In this way, the signal processing unit 42 selects an inner core Cortex-M4 with strong functions and operation processing capabilities, the analog voltage output by the analog microphone is digitally processed by the analog-to-digital converter 421, the temperature, humidity and atmospheric pressure values inside the photoacoustic cavity module 2 are measured by the signal compensation component 422 (i.e., IIC module) for system compensation, and the central controller 424 (i.e., MCU) generates a PWM signal by using an internal advanced timer (i.e., the pulse width modulation component 423) for driving the modulation light source module 1 to generate periodically-varying infrared radiation.
Data processing algorithm
Since there is noise with complex frequency composition in the environment and the sound detection module 3 itself also has noise floor, even the signal filtered by the analog filter (the digital microphone scheme does not have the analog filter design) also contains a lot of noise, and further processing is needed to extract the most important signal. The invention uses a data processing mode combining FIR filtering algorithm and Kalman filtering algorithm to process the original ADC data to filter noise and extract the signal related to the concentration of the measured gas.
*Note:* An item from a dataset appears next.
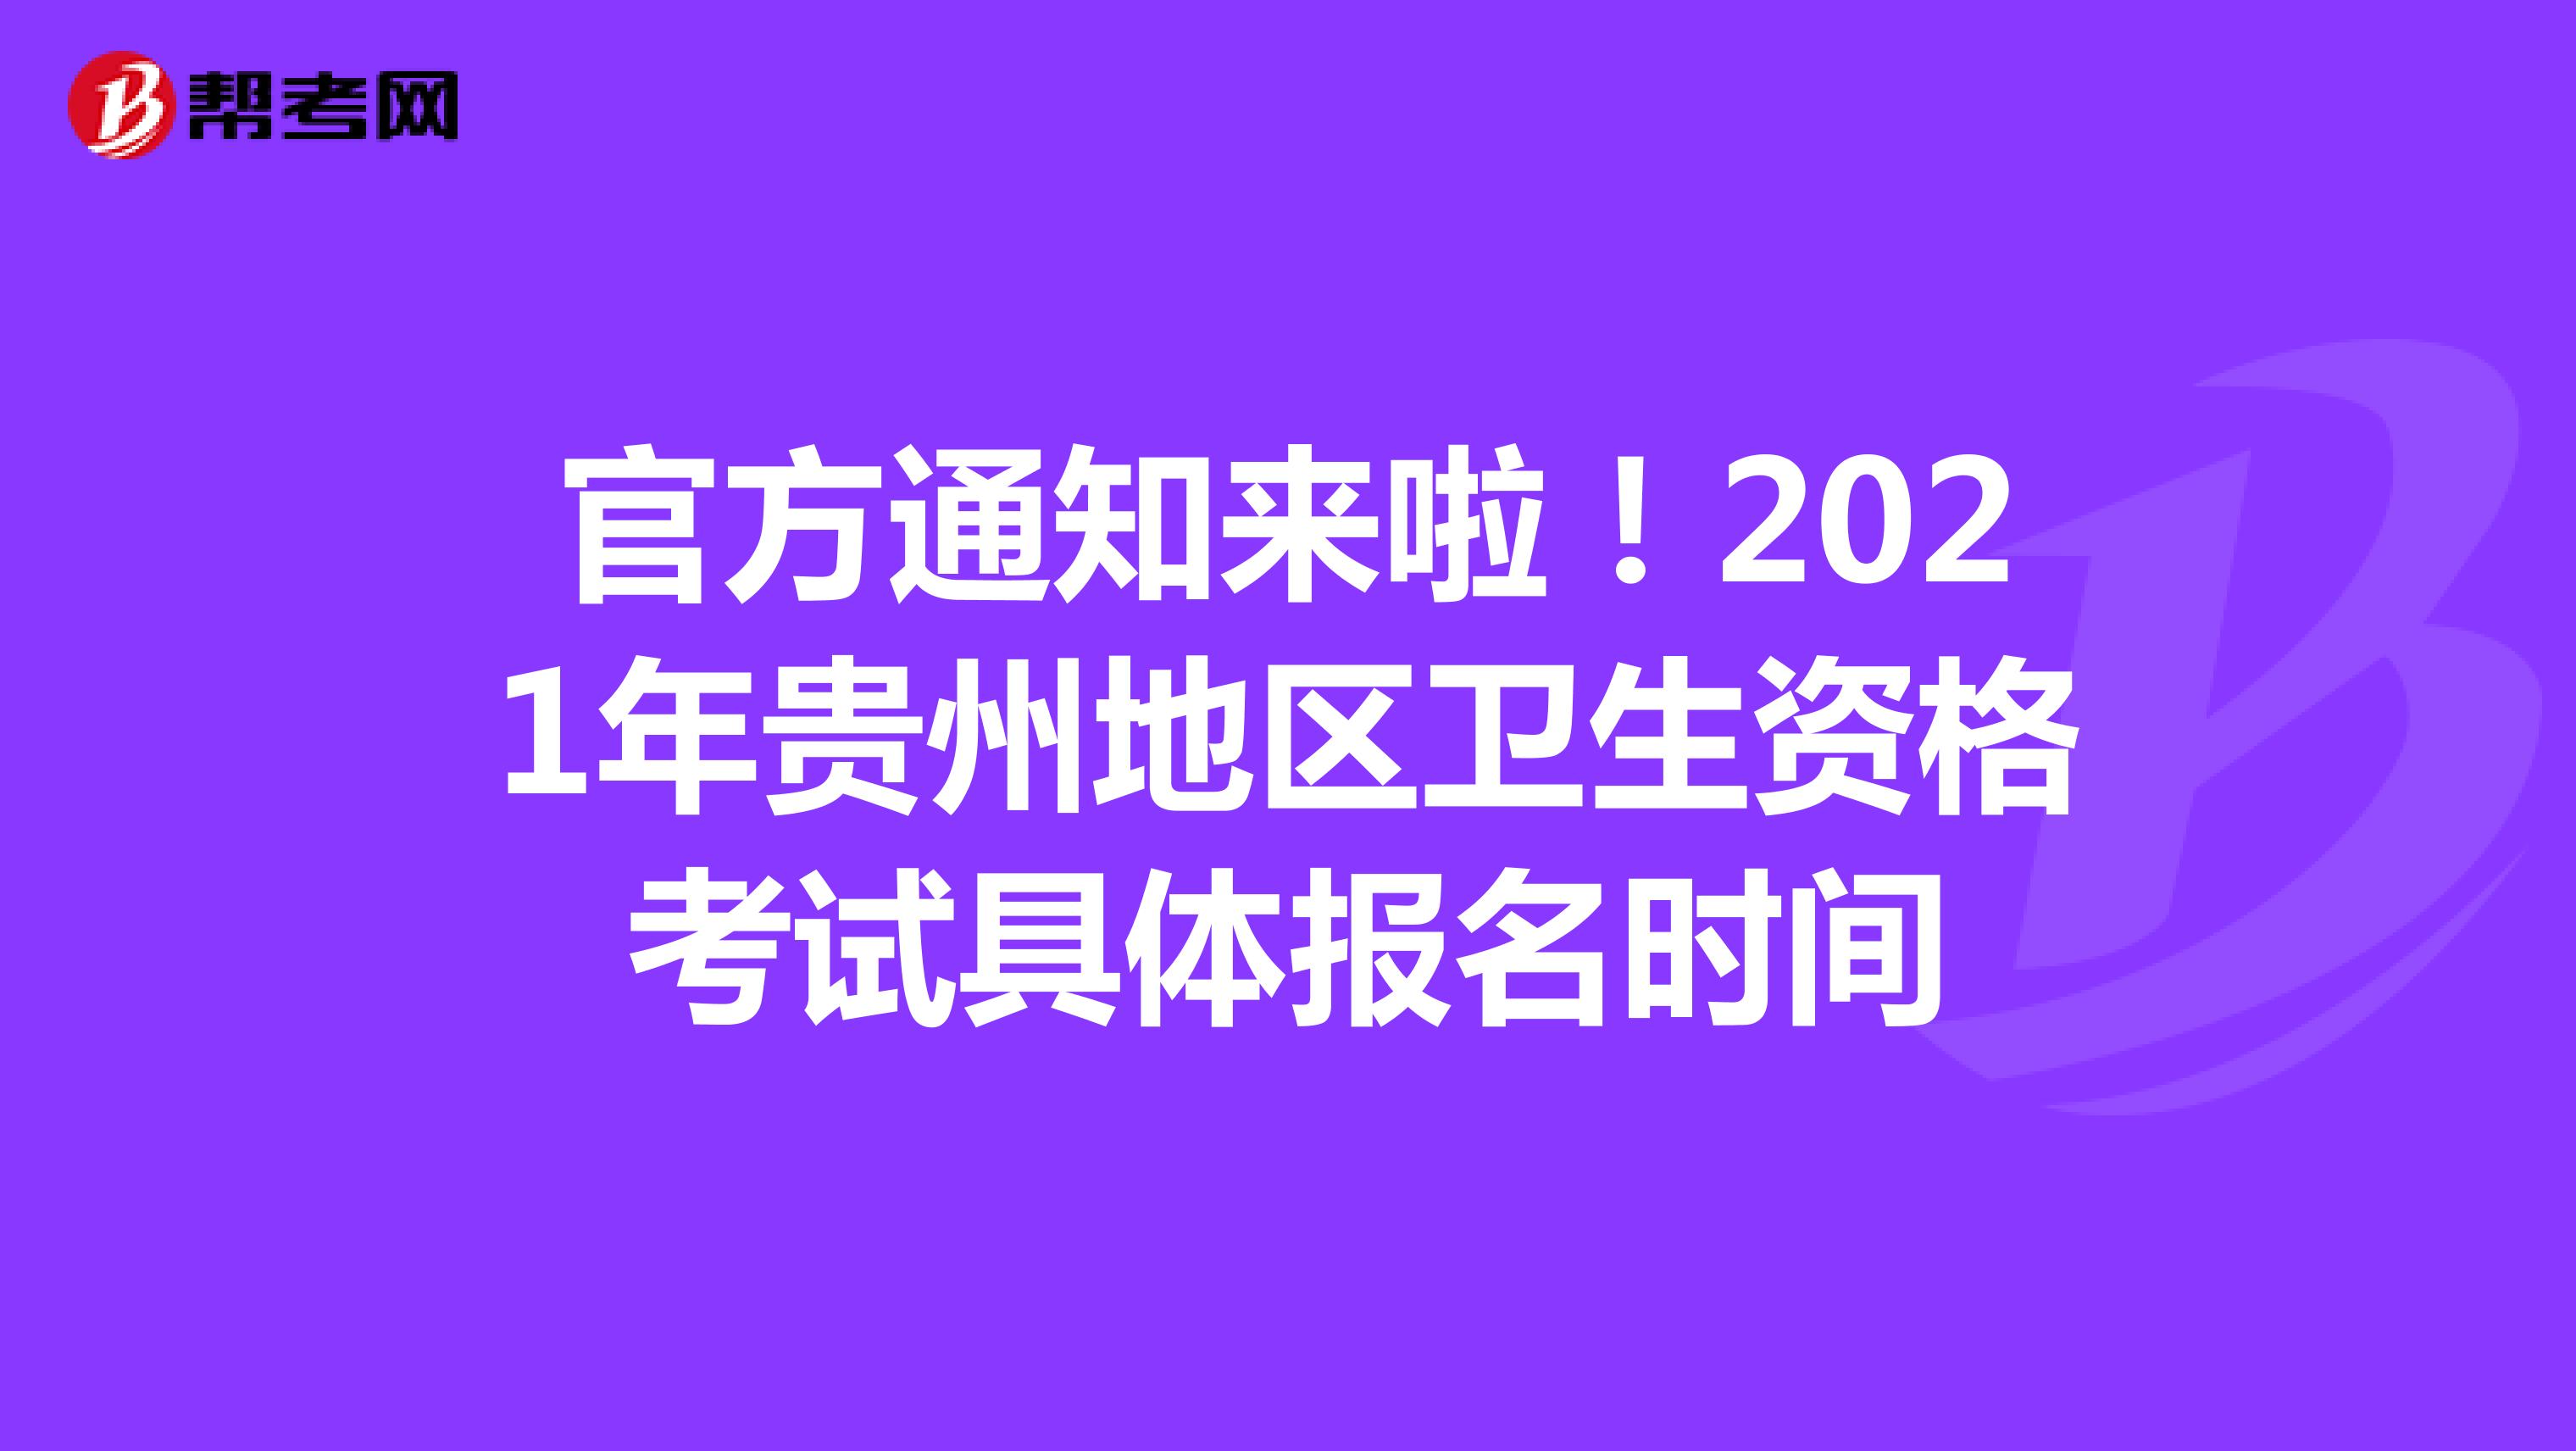 官方通知来啦！2021年贵州地区卫生资格考试具体报名时间

Conversion of concentration
According to the photoacoustic spectrometry principle of the application, the signal amplitude extracted by the central controller 424 has a certain relation with the concentration of the gas to be measured, and the signal amplitude and the concentration are measured to be approximately linear but not completely linear through experiments. Therefore, the present application uses a fitting algorithm, first, a gas divider (mixer) is used to generate the measured gas with different concentrations from low to high, the computer continuously reads the signal amplitudes corresponding to the gas with different concentrations from the central controller 424 (i.e. MCU) to obtain a concentration-signal amplitude list, and a curve fitting algorithm is used to obtain the fitting coefficient of the signal amplitude-concentration.
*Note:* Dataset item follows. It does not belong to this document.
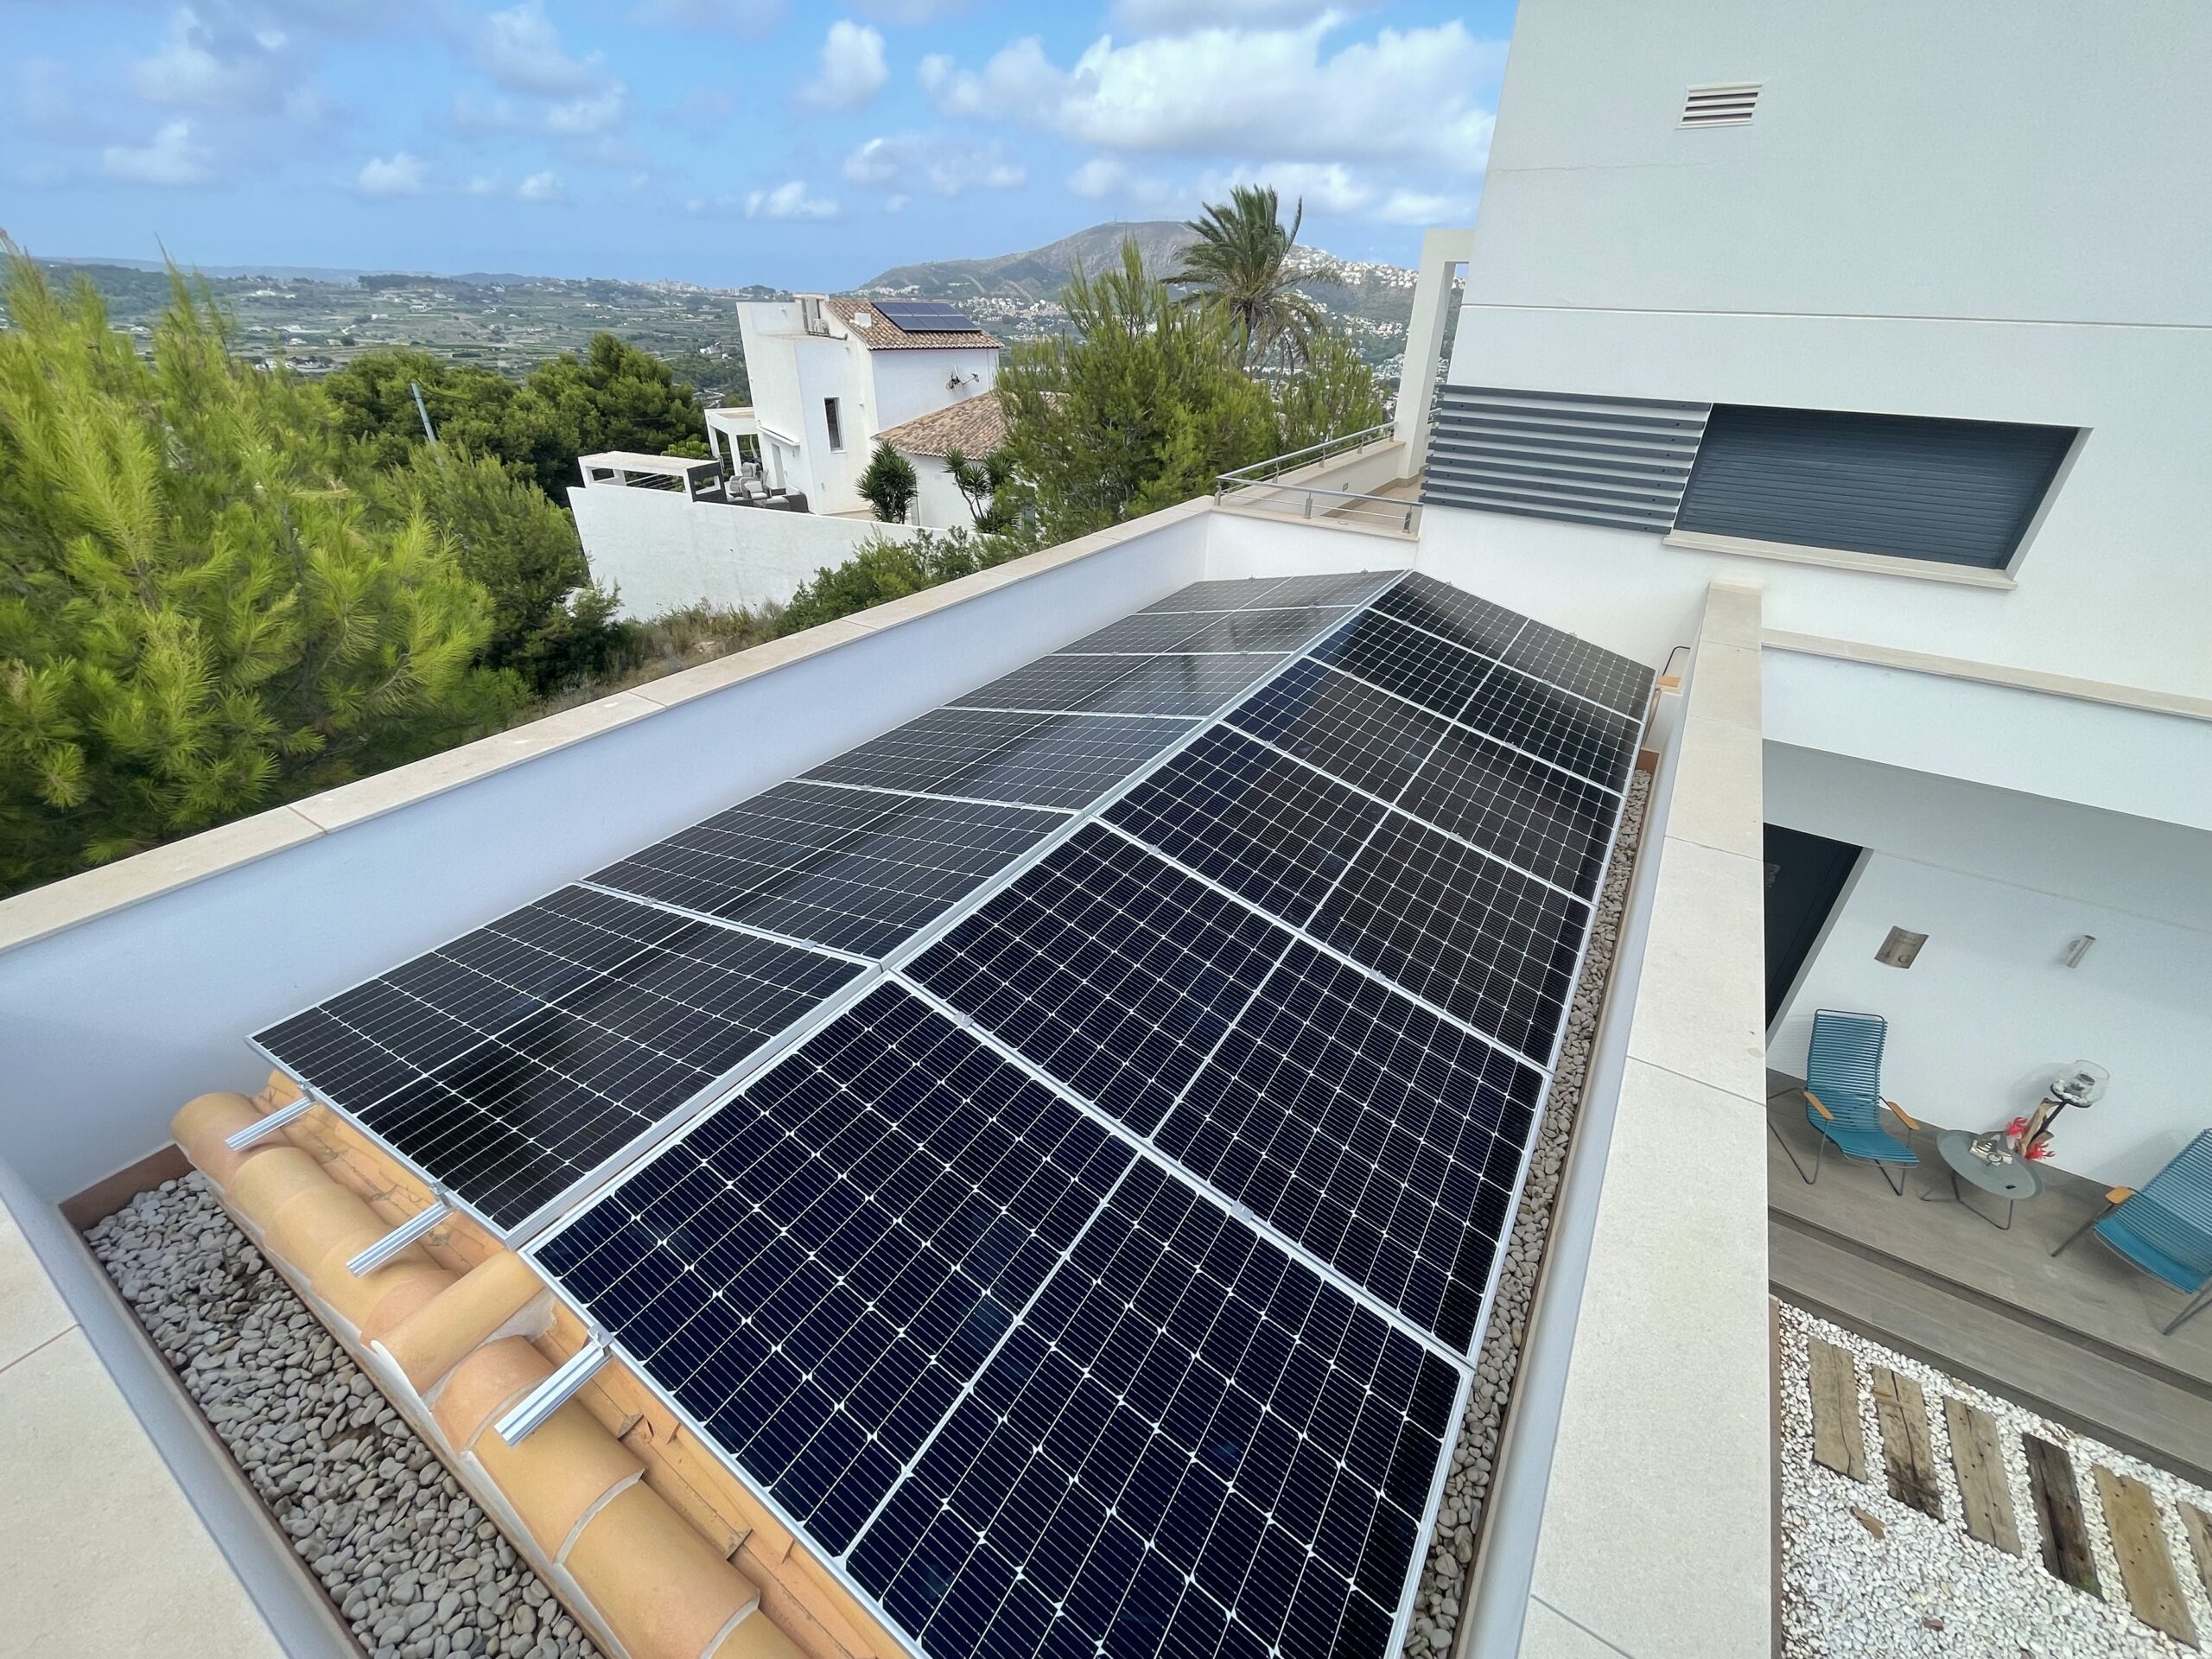 12X 385 wp Paneles Solares, Teulada, Alicante (Sistema híbrido)

The fitting coefficient of the amplitude-concentration of the lower signal is a multi-order coefficient, generally 2-5 orders, and the specific formula for calculating the concentration is as follows:
C=Yn*Bn+Yn-1*Bn-1+Yn-2*Bn-2+…Y1*B1+B0
wherein C represents concentration, Y represents standard signal amplitude, and Bn-B0For the purpose of the multi-order coefficients,
calibration method
Because of the assembly difference and the electronic element difference of each sensor, finally each sensor can reach the identification precision only by calibration, the method adopts a two-point or multi-point fitting algorithm, the number of calibration points is determined by the linearity analysis of a signal amplitude-concentration curve, after the number and the concentration of the calibration points are determined, standard gas with corresponding concentration is sequentially supplied to the sensors, the computer reads the amplitude from the sensors, meanwhile, the computer reversely converts the standard signal amplitude according to the concentration of the current gas to be supplied, and after the signals of a plurality of concentration points are acquired, the original amplitude X of the sensors is obtained0,X1…XnMeanwhile, the computer obtains a standard amplitude Y through inverse conversion, and a group of fitting coefficients can be obtained through an n-1 order fitting algorithm: a. then,An-1…A1,A0。
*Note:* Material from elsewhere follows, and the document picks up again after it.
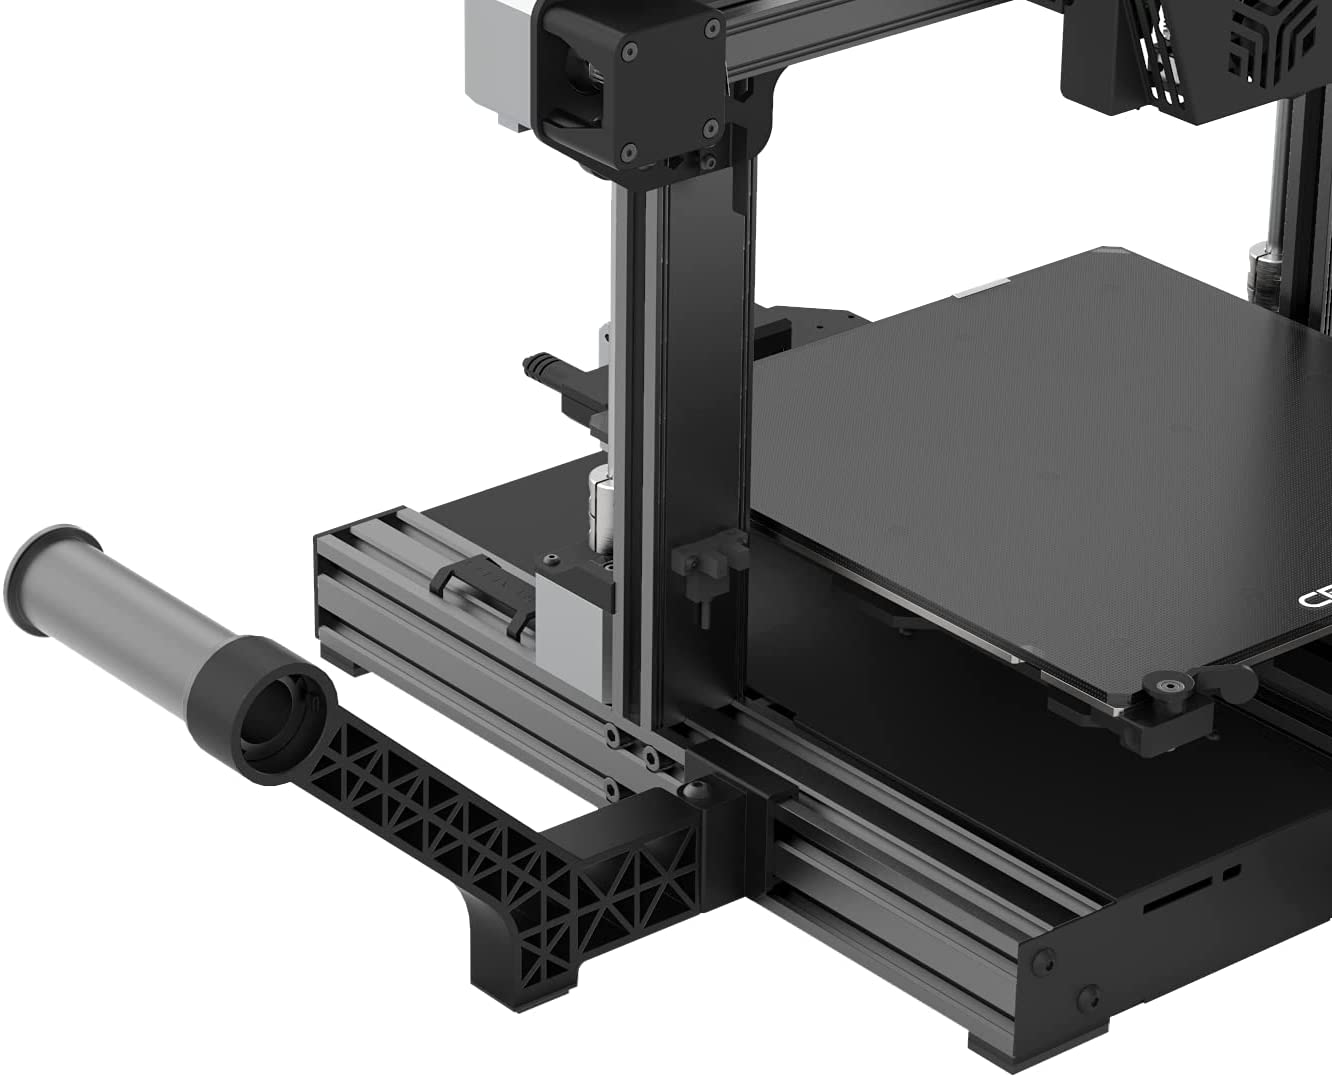 Impressora 3D Creality CR-6 SE

Y=Xn*An+Xn-1*An-1+Xn-2*An-2+…X1*A1+A0
The measured amplitude of each sensor can be converted into a standard amplitude through the formula, and then the concentration is obtained through a concentration conversion formula.
According to the photoacoustics gas concentration detection device, infrared modulation light is periodically generated by modulating the light source module, the internal gas to be detected is used for absorbing the infrared modulation light by the photoacoustic cavity module and converting the infrared modulation light into a sound signal, the sound signal is detected by the sound detection module, the concentration of the gas to be detected is calculated by the signal processing module according to the sound signal, so that the gas concentration is measured by the photoacoustic effect, the whole device is small in size and wide in application field, gold plating in the absorption cavity is not needed for improving the reflection efficiency, the cost is reduced, meanwhile, all devices are integrally and firmly welded together, the stability is high, and the photoacoustics gas concentration detection device is suitable for being installed in mobile equipment, constant temperature controllers and other life intelligent.
Example 2
As shown in fig. 8, embodiment 2 of the present invention provides a control method using the photoacoustic gas concentration detection apparatus, which specifically includes the following steps:
s1, periodically generating infrared modulation light by a modulation light source module and transmitting the infrared modulation light to a photoacoustic cavity module, wherein the photoacoustic cavity module absorbs the infrared modulation light by using gas to be detected inside and converts the infrared modulation light into sound signals to be transmitted to a sound detection module;
and S2, detecting a sound signal through the sound detection module and transmitting the sound signal to the signal processing module, wherein the signal processing module calculates the concentration of the gas to be detected according to the sound signal.
Thus, according to the control method of the photoacoustics gas concentration detection device, the light source modulation module periodically generates infrared modulation light, the photoacoustic cavity module absorbs the infrared modulation light by using the gas to be detected inside and converts the infrared modulation light into a sound signal, the sound detection module detects the sound signal, and the signal processing module calculates the concentration of the gas to be detected according to the sound signal, so that the gas concentration is measured through the photoacoustic effect.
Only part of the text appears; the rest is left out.